A welding machine that would draw 125 amps at a 60% duty cycle would be a machine about 2 class sizes bigger than what I have now. Those welding machines are typically used to build bridges, skyscrapers, power plants, ships, oil rigs.

When I move I will pull the 125 amp breaker off that welder circuit and put in an 80 or 90 amp breaker and relabel it "electric vehicle charger ".

WyrTwister 06-20-18 03:05 AM

When I installed our electric vehicle charger for our Nissan Leaf ( that we had before it got run into and totaled ) , I ran # 6 copper & put it on am 2 pole 40 amp CB . It was fused , internally , with 40 amp fuses .

We run only copper .

Wyr
God bless

oil pan 4 06-20-18 07:00 AM

My hard wired charger will likely be 8 gauge ran on a 40 amp breaker also. I have the slow charging 2011 leaf, it will only draw 16 amps max with my after market 3.8kw charger.

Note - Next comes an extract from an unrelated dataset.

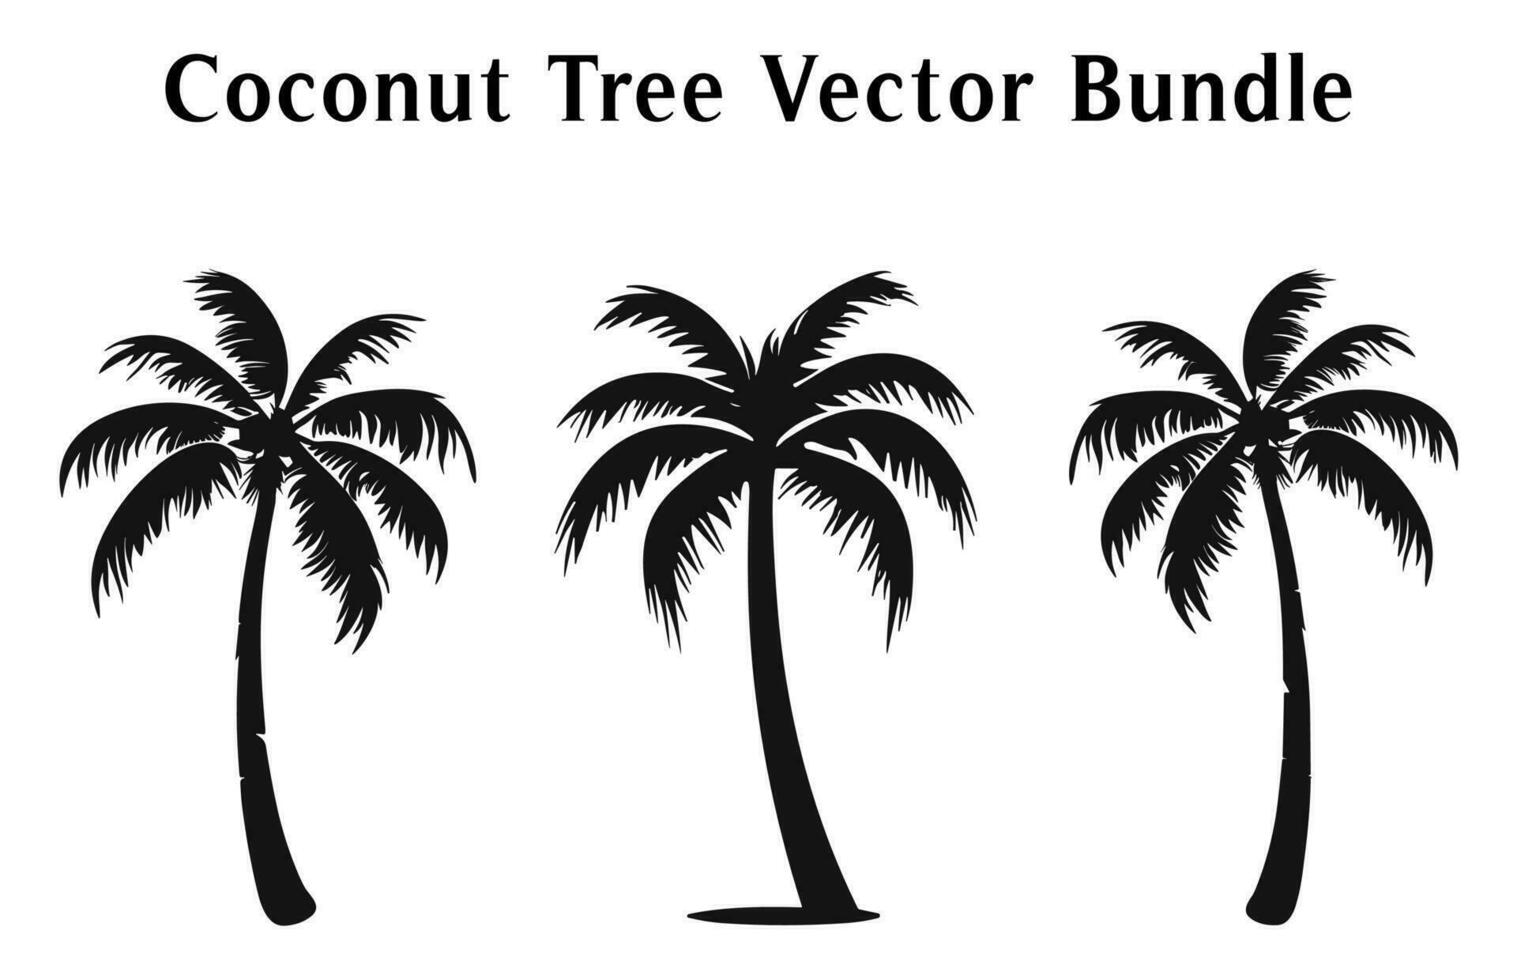 Coco arboles silueta vector gratis, Coco árbol siluetas haz
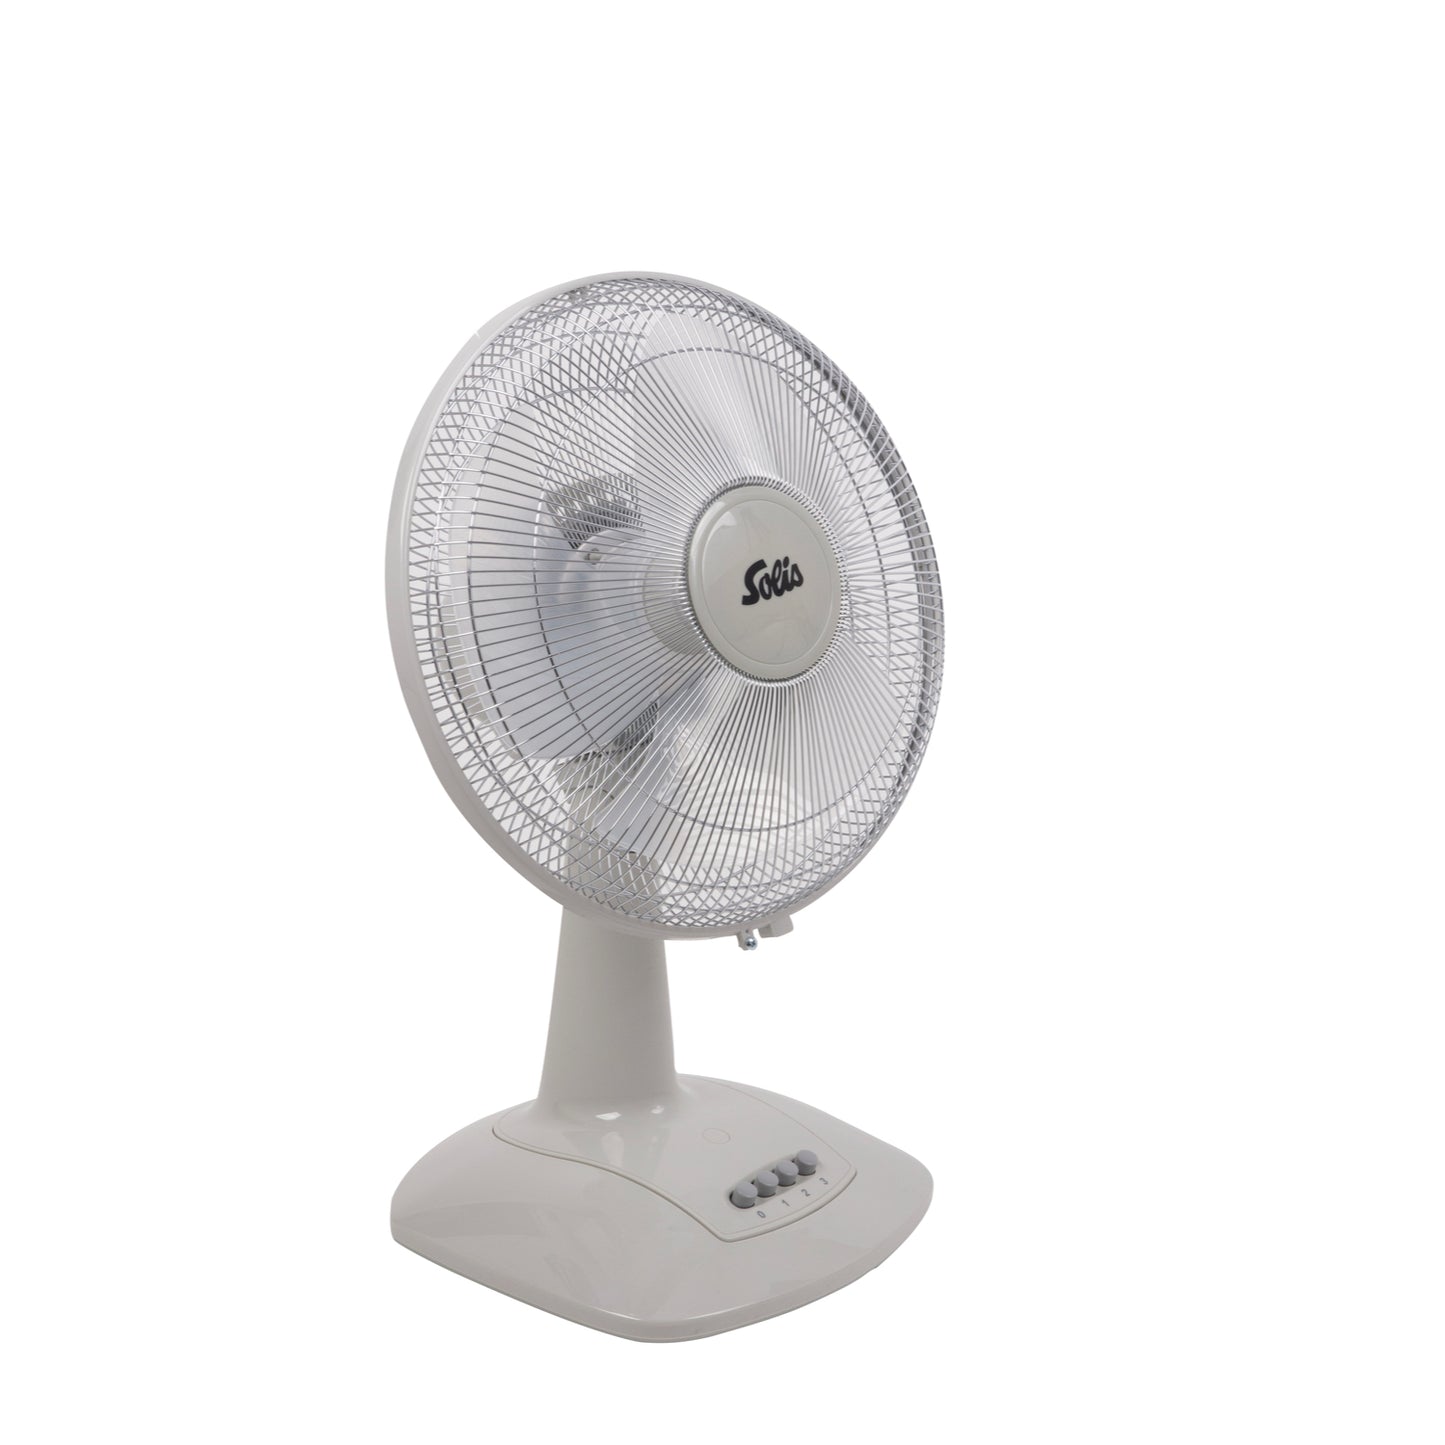 Solis 300mm Ventilator Desk Fan

That 40 amp circuit will be incase I upgrade to a vehicle and charger that can do 6.6kw charging.
My other EVSE is the original 12 amp nissan brick charger converted to 240v by me.

WyrTwister 06-20-18 08:01 AM

I could have used # 8 Romex , but I had # 6 left over from another job .

I installed the GE Wattstation . It was just about the cheapest " full power " level 2 device I could find .

Ours was a 2012 Leaf . Still with the 3.8 kw charging rate , also .

Wyr
God bless

oil pan 4 06-20-18 03:55 PM

Did you ever amp clamp that 2012 leaf while charging?

WyrTwister 06-20-18 05:28 PM

I do not think so . At least I can not remember doing so .

Wyr
God bless

WyrTwister 07-23-19 08:02 AM

What size / amperage circuit breaker ?

Wyr
God bless

oil pan 4 08-06-19 06:53 AM

My main charging circuits at home are two seperate 20 amp, 12/3 with ground romex cables going to 6-20 amd 5-20 combination duplex receptacles. That way when I'm not charging I can use them for any normal 120v activity.
Then I have 30 and 50 amp RV circuits at my away locations. They are dedicated circuits that run outside to an RV box with a L14-30, 10/3 with ground and a 30 amp breaker.
The one 14-50 is wired on 50 amp with 6 gauge, so my buddy can use his little stick welder.

Then if 20 amp circuits become too small my welding circuit at home is ran on 4 gauge so it can handle anything.
I could charge like 6 cars at my house if most of them used 12 or 16 amp evse chargers.